Explore text-to-audio models for creating music from scratch

news7f12/07/2022

1 1 minute read

Explore text-to-audio models for creating music from scratch

Text-to-audio model creating music from scratch #ASA183 — Algorithm for converting text prompts into audio. Credit: Zach Evans

Type a few words into the text-to-image model and you get a completely unique, uncannyally accurate photo. While the tool is fun to use, it also opens up many avenues of creative exploration and application, and provides workflow-enhancing tools for visual artists and filmmakers alike. cartoon. For musicians, sound designers, and other sound professionals, text-to-audio modeling will do the same thing.

As part of the 183rd Meeting of the Acoustical Society of America, Zach Evans, of AI Stabilization, presented progress towards this goal in his talk, “Samples of Musical Acoustics generated from generic text embeddings.”

“Text-to-image model uses deep neural network to generate original, novel images based on learned semantic correlations with text captions,” says Evans. modifying user-supplied images.”

The text-to-audio model can do the same thing, but the end result is music. Among other applications, it can be used to create sound effects for video games or samples for music production.

But training these deep learning models is more difficult than their visual models.

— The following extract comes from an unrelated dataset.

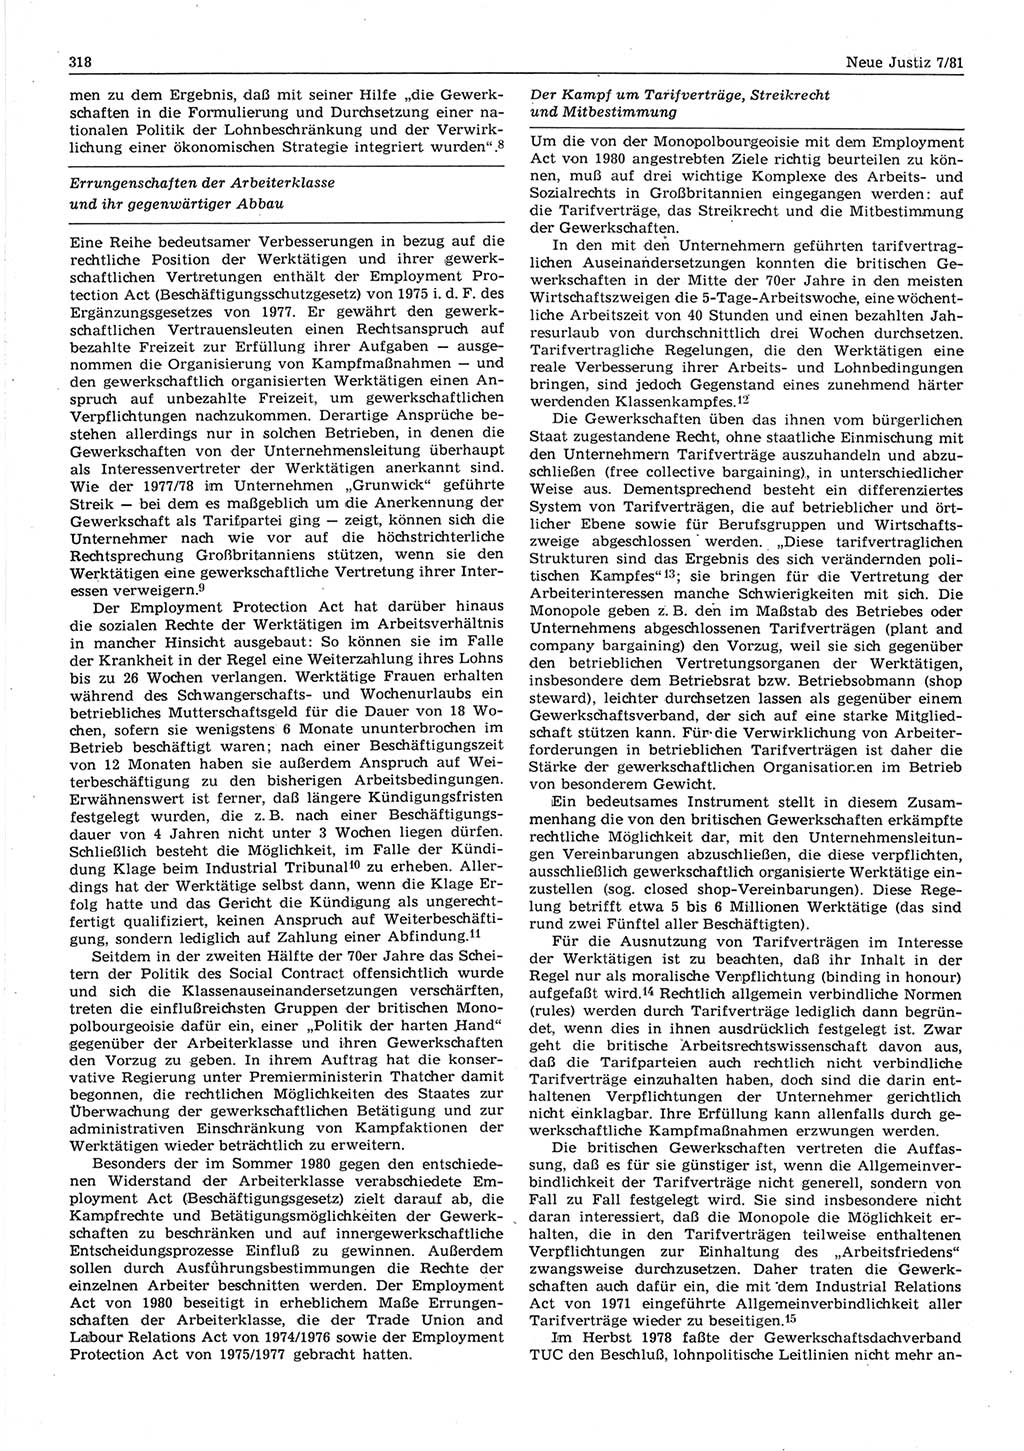 Neue Justiz (NJ), Zeitschrift für sozialistisches Recht und Gesetzlichkeit [Deutsche Demokratische Republik (DDR)], 35. Jahrgang 1981, Seite 318 (NJ DDR 1981, S. 318)

“One of the main challenges when training a text-to-audio model is finding a large enough dataset of text-aligned audio to train,” says Evans. “Outside of speech data, the research datasets available for text-aligned audio tend to be much smaller than those available for text-aligned images.”

Evans and his team, including Scott Hawley of Belmont University, soon succeeded in creating coherent and appropriate music and sound from the text. They used data compression methods to generate audio with reduced training time and improved output quality.

The researchers plan to expand to larger data sets and release their model as an open-source option for other researchers, developers, and audio professionals to use and improve.

More information:
Conference: acoustic alsociety.org/asa-meetings/

Provided by
Acoustical Society of America

quote: Exploring text-to-audio models for creating music from scratch (2022, December 7) retrieved December 7, 2022 from https://techxplore.com/news/2022-12-exploring -text-to-audio-music.html

This document is the subject for the collection of authors. Other than any fair dealing for private learning or research purposes, no part may be reproduced without written permission. The content provided is for informational purposes only.